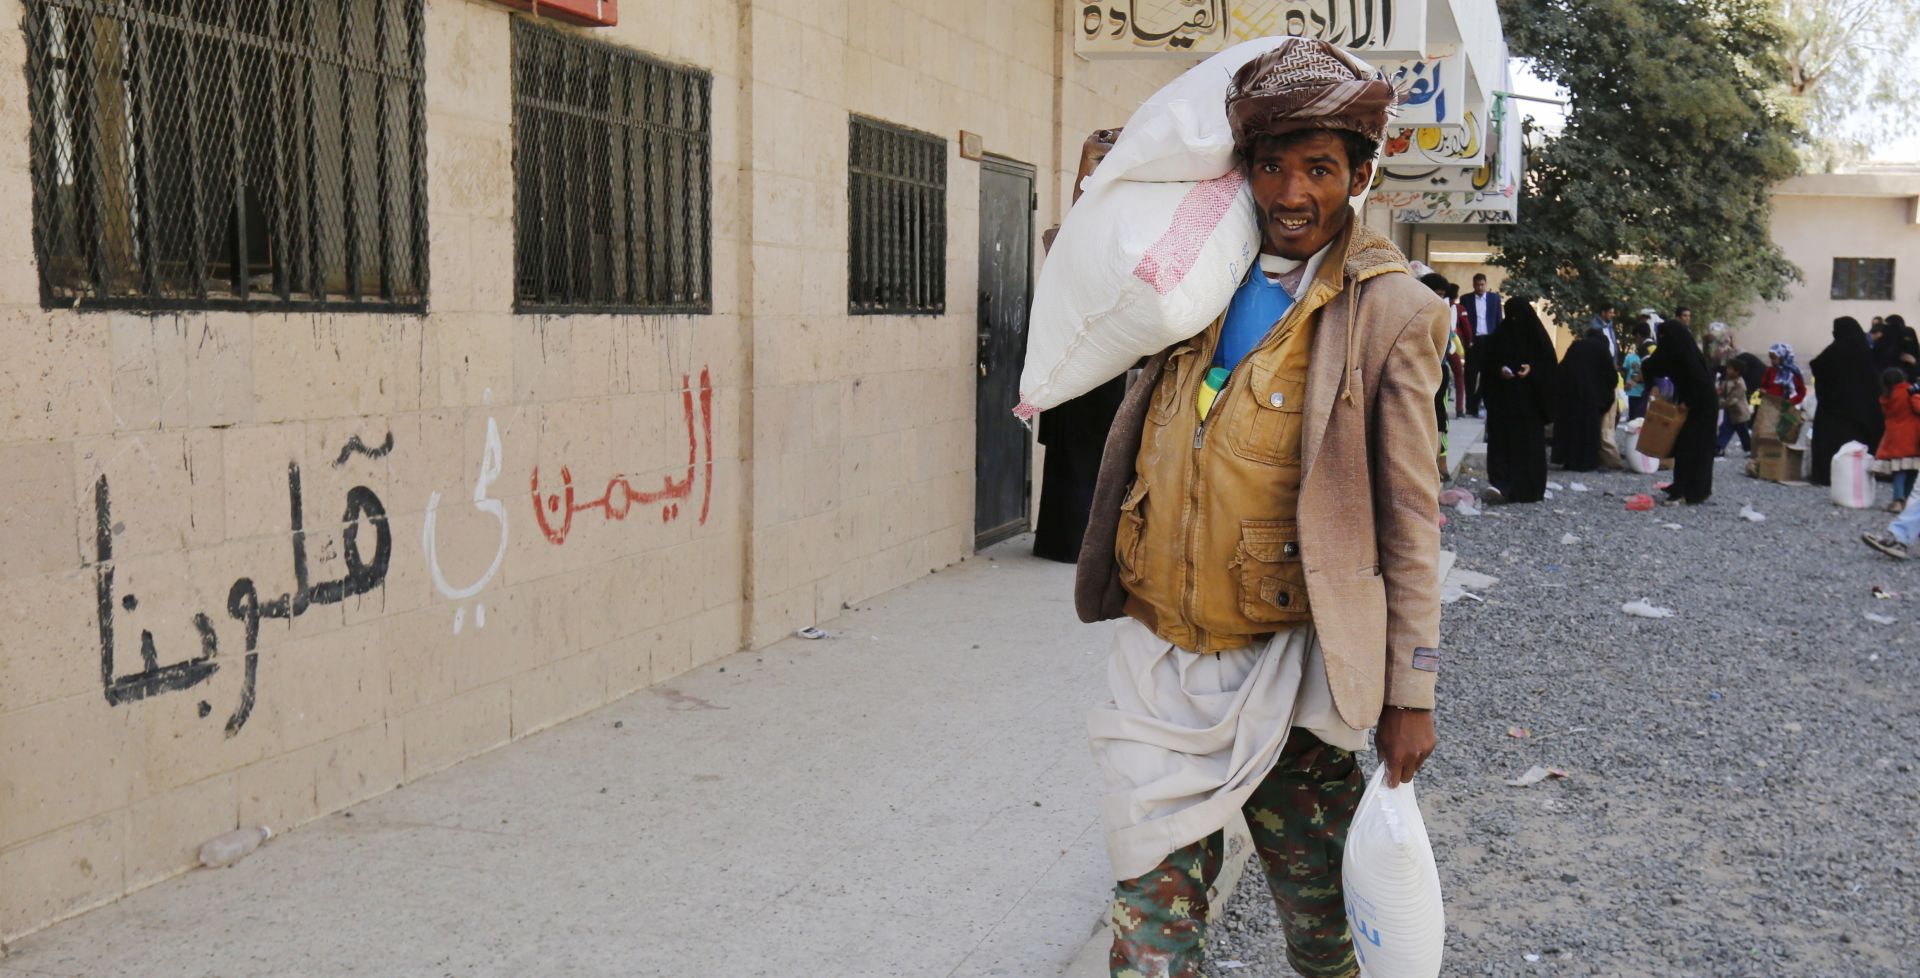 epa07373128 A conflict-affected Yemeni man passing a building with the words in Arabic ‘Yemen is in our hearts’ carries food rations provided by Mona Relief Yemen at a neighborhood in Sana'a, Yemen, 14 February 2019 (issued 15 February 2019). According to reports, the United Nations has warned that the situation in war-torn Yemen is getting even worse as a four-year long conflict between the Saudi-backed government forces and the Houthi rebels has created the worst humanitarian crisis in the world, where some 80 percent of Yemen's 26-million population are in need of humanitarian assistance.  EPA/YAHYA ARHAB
^^^^
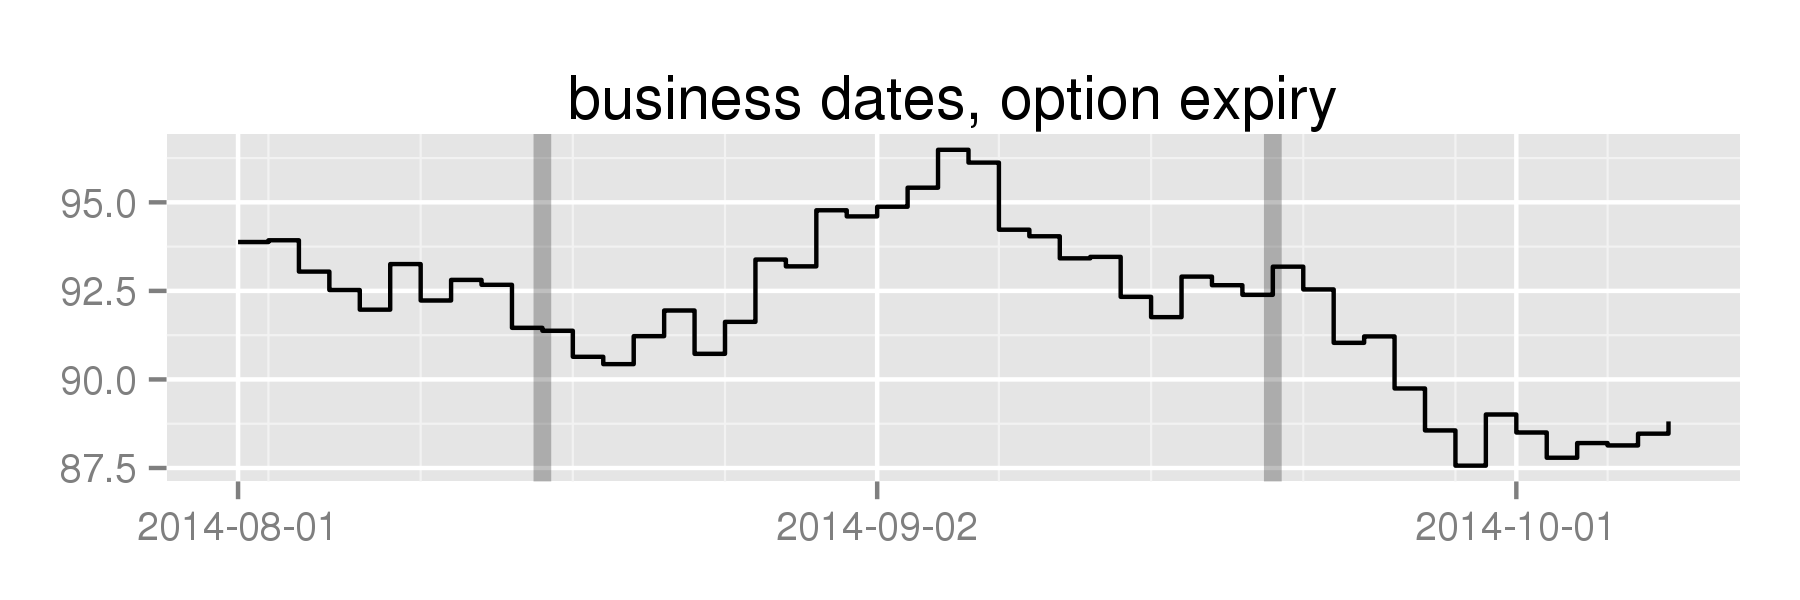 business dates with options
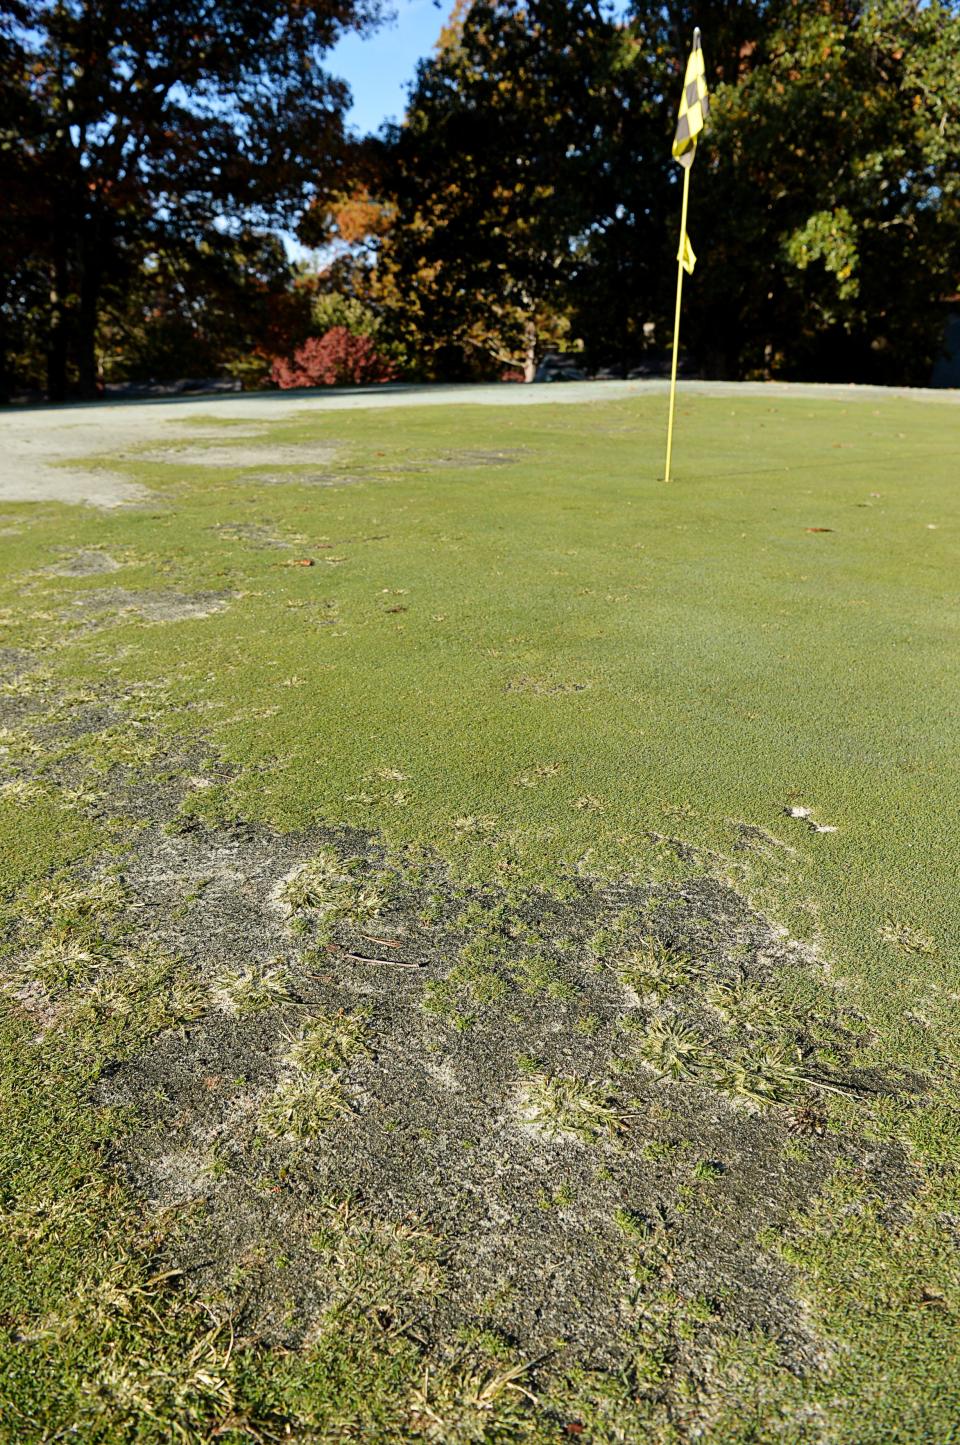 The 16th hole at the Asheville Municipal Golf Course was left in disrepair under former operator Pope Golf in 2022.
^^^^
◆ **What is expected**
Set the pictures aside and retype exactly the lines above from the line with "business dates with options" to the line with "The 16th hole", both included, adding no others.

◆ **Output for this exercise**
 business dates with options
 The 16th hole at the Asheville Municipal Golf Course was left in disrepair under former operator Pope Golf in 2022.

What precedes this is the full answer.